12

If one runs DESCRIBE EXTENDED command on any hive table the result presents totalSize and rawDataSize values near the end of the output.

What do these fields mean?

Ex:

hive > DESCRIBE EXTENDED <TableName>

Output Results:

Table(tableName:TablenameXXXXX, dbName:XXxXXX,
..........       .......................
numRows=116429472, totalSize=3835205544, rawDataSize=35040221600})
Henin RK
  • 298
  • 1
  • 2
  • 14

3 Answers3

16

rawDataSize is the size of original data set, totalSize is amount of storage it takes.
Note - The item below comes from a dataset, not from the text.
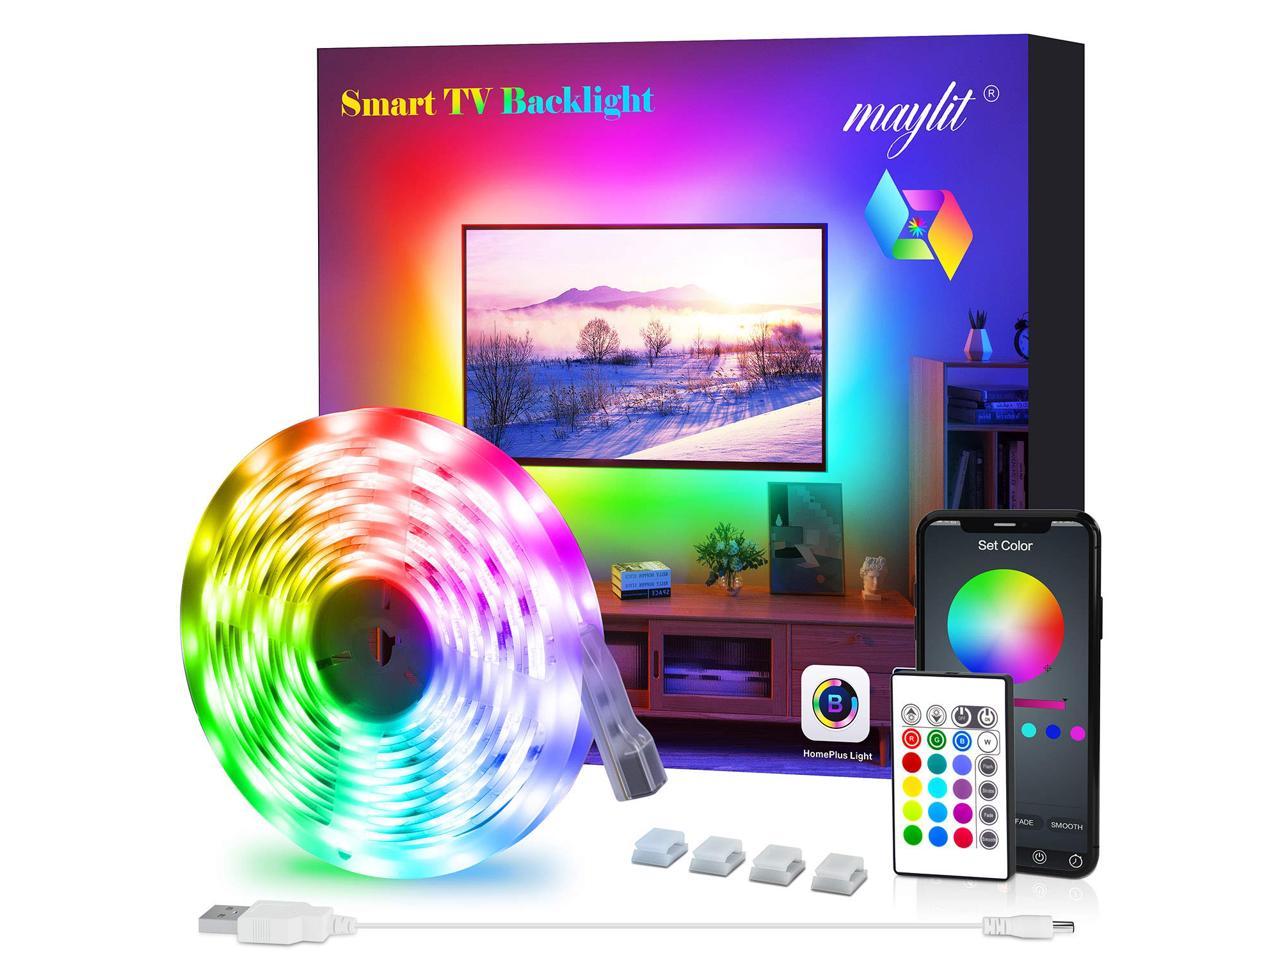 LED TV Backlight Bias Lighting Kits for HDTV Remote Control USB Powered RGB Multi Color Led Light Strip Home Theater Accent Lighting Kits 4 Strips in 1 Set 7 Colors

It is applicable for ORC file format, as it compresses the data totalSize will be lesser than rawDataSize.

Durga Viswanath Gadiraju
  • 3,896
  • 2
  • 14
  • 21
  • Does the totalSize reflect used space in terms of the used data portion only, or does it included used data portion and any unused portion of an HDFS block? – Henin RK Jan 06 '16 at 09:35
  • Is the totalSize a multiple of the HDFS block size? – Henin RK Jan 06 '16 at 09:37
  • It need not be multiple of block size. HDFS does not waste storage on the last block of the file. If the file size is 200 MB and block size is 128 MB, then first block will be of size 128 MB and second block will be of 72 MB – Durga Viswanath Gadiraju Jan 06 '16 at 09:53
  • 2
    @Neal : the totalSize is in Bytes according to this [wiki](https://cwiki.apache.org/confluence/display/Hive/StatsDev) – Vincent Lous Feb 09 '17 at 20:52
  • 2
    in case of `Parquet` format, the `rawDataSize` is still smaller than `totalSize`, but how is it possible? Parquet format should compress the original data. I'm totally confused – mangusta Jun 21 '18 at 02:57
  • @DurgaViswanathGadiraju what it the unit of rawDataSize here bit/byte? – Indrajeet Gour Oct 12 '18 at 06:52
7

The meaning of the fields is:

  • totalSize - the total size in bytes of the physical files on disk where table data is stored.
  • rawDataSize - is the sum of each datatype size of the columns multiplied by the number of rows in the table. This is also used as an estimate for the query optimizer (e.g. determining if a table is small enough to do a mapjoin instead of simple join).
Eugen
  • 2,292
  • 3
  • 29
  • 43
2

The size of data is described by two statistics:

  • totalSize — Approximate size of data on disk
  • rawDataSize — Approximate size of data in memory

Hive on MapReduce uses totalSize. When both are available, Hive on Spark uses rawDataSize. Because of compression and serialization, a large difference between totalSize and rawDataSize can occur for the same dataset.

Leonel Atencio
  • 474
  • 3
  • 14